--- INFORMATION SUPPLIED ---

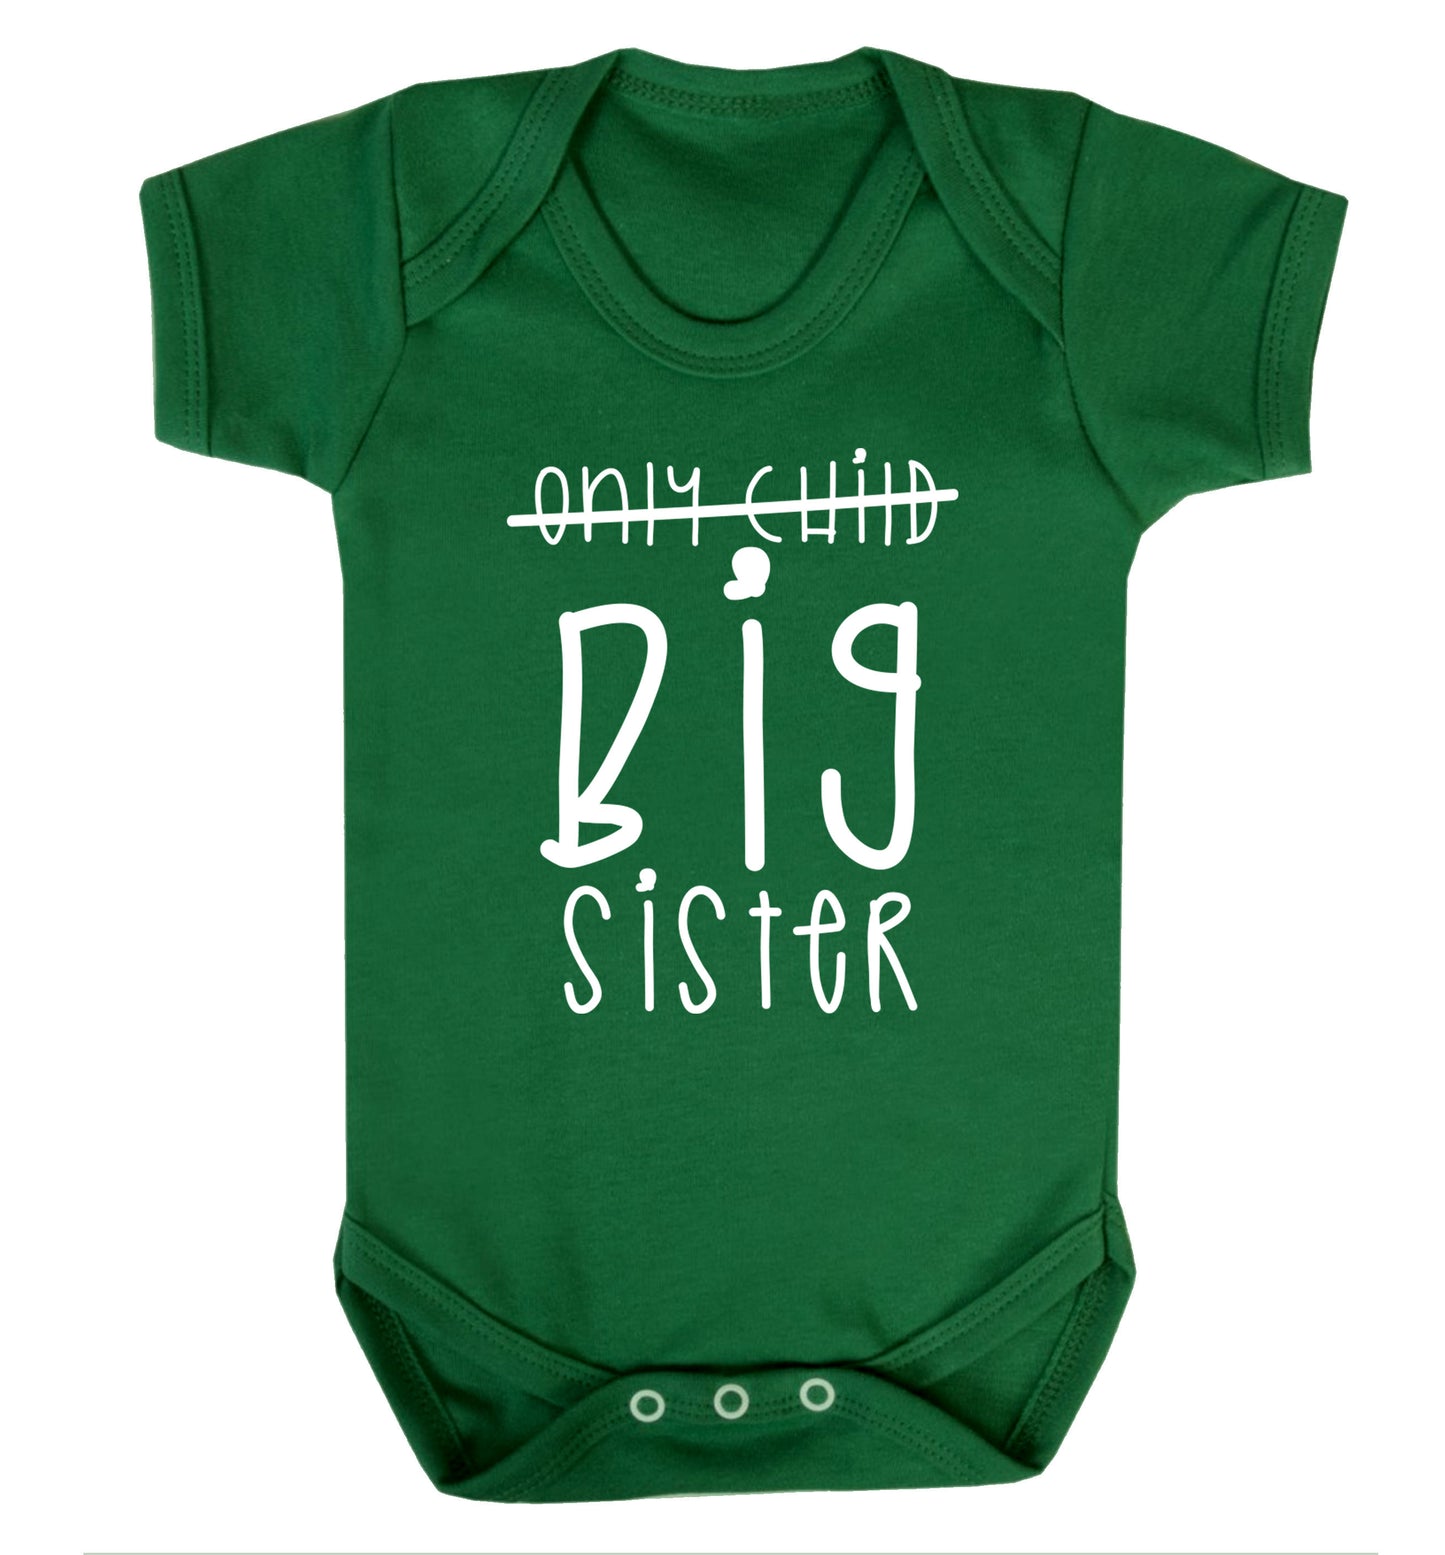 Only child big sister Baby Vest green 18-24 months
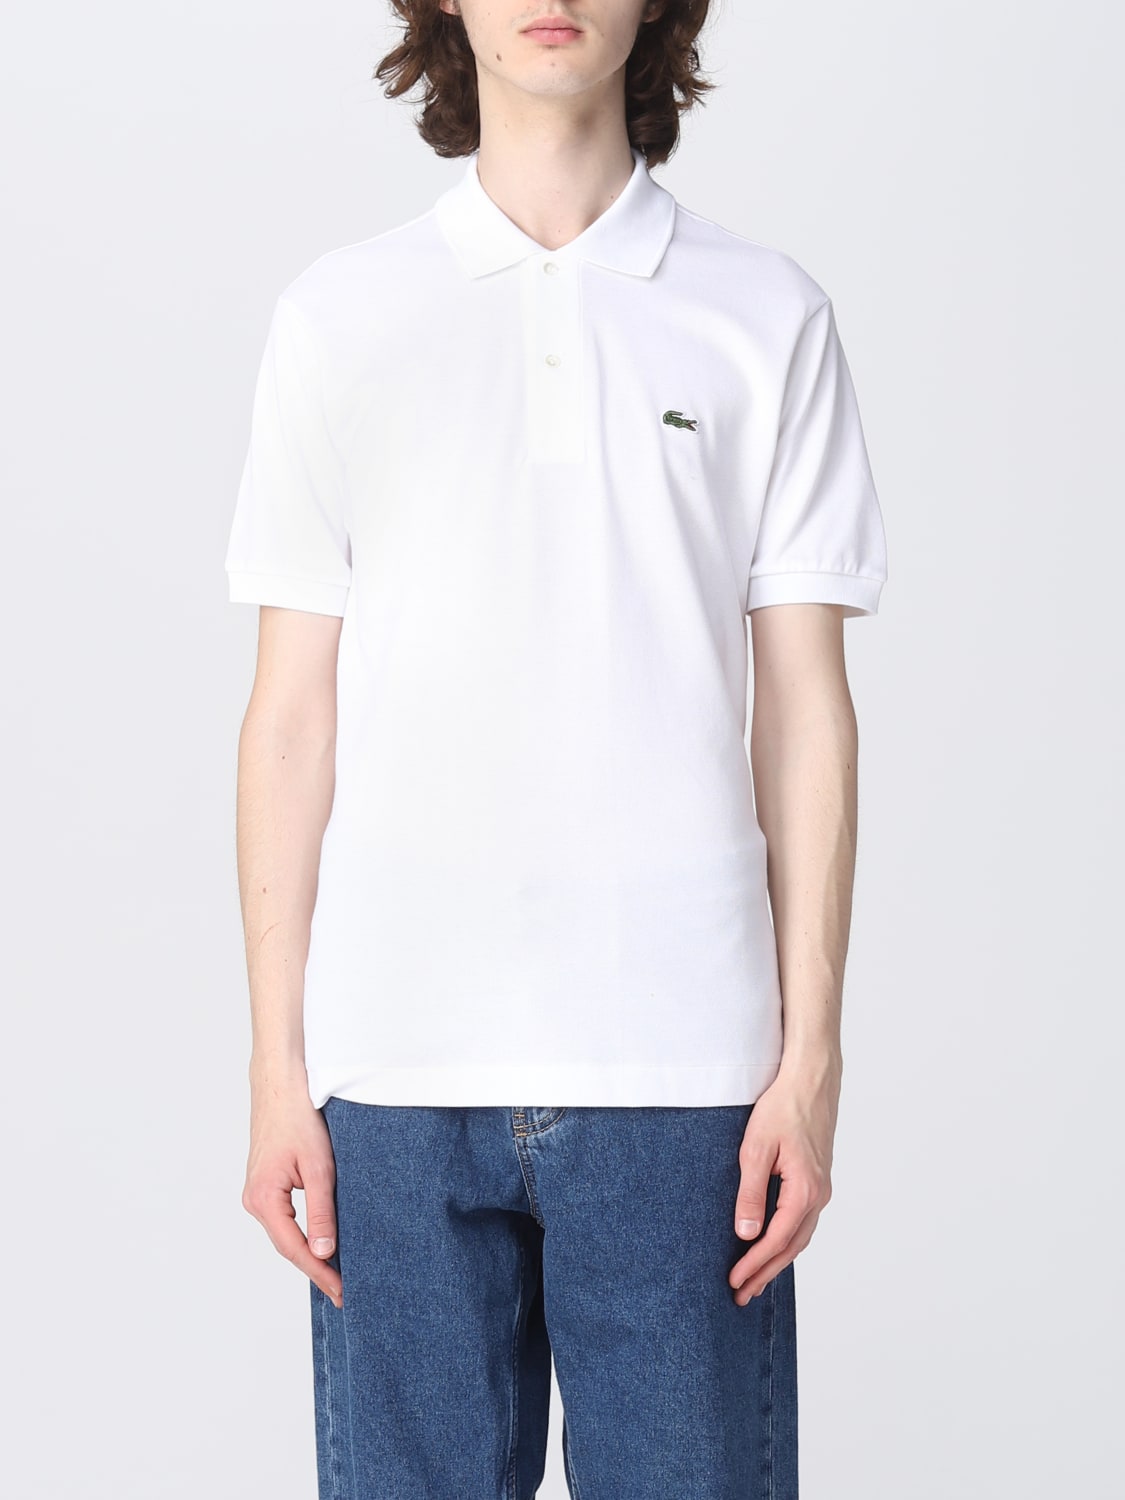 Lacoste Outlet: polo shirt for man - White | Lacoste shirt AB1212 online GIGLIO.COM
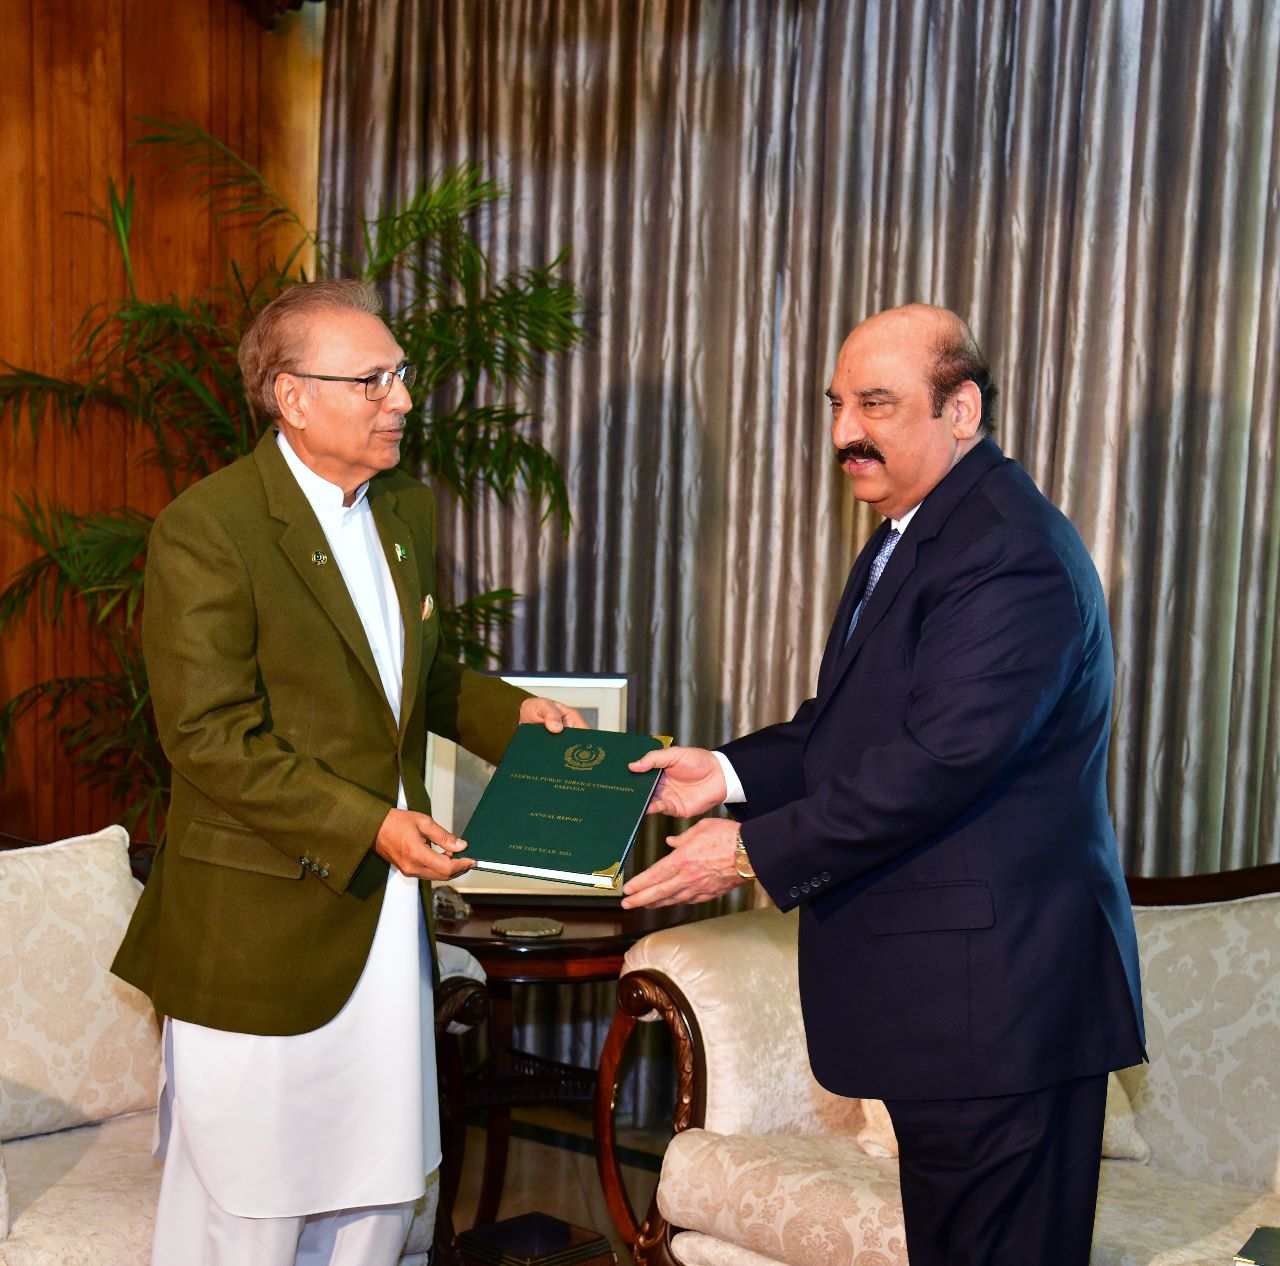 President stresses quality improvement in civil service with ‘right person for right job’

---

WHAT YOU SHOULD DO:
Print the material verbatim; drop the pictures.

ANSWER TO THIS TASK:
 Only child big sister Baby Vest green 18-24 months
 Lacoste Outlet: polo shirt for man - White | Lacoste shirt AB1212 online GIGLIO.COM
 President stresses quality improvement in civil service with ‘right person for right job’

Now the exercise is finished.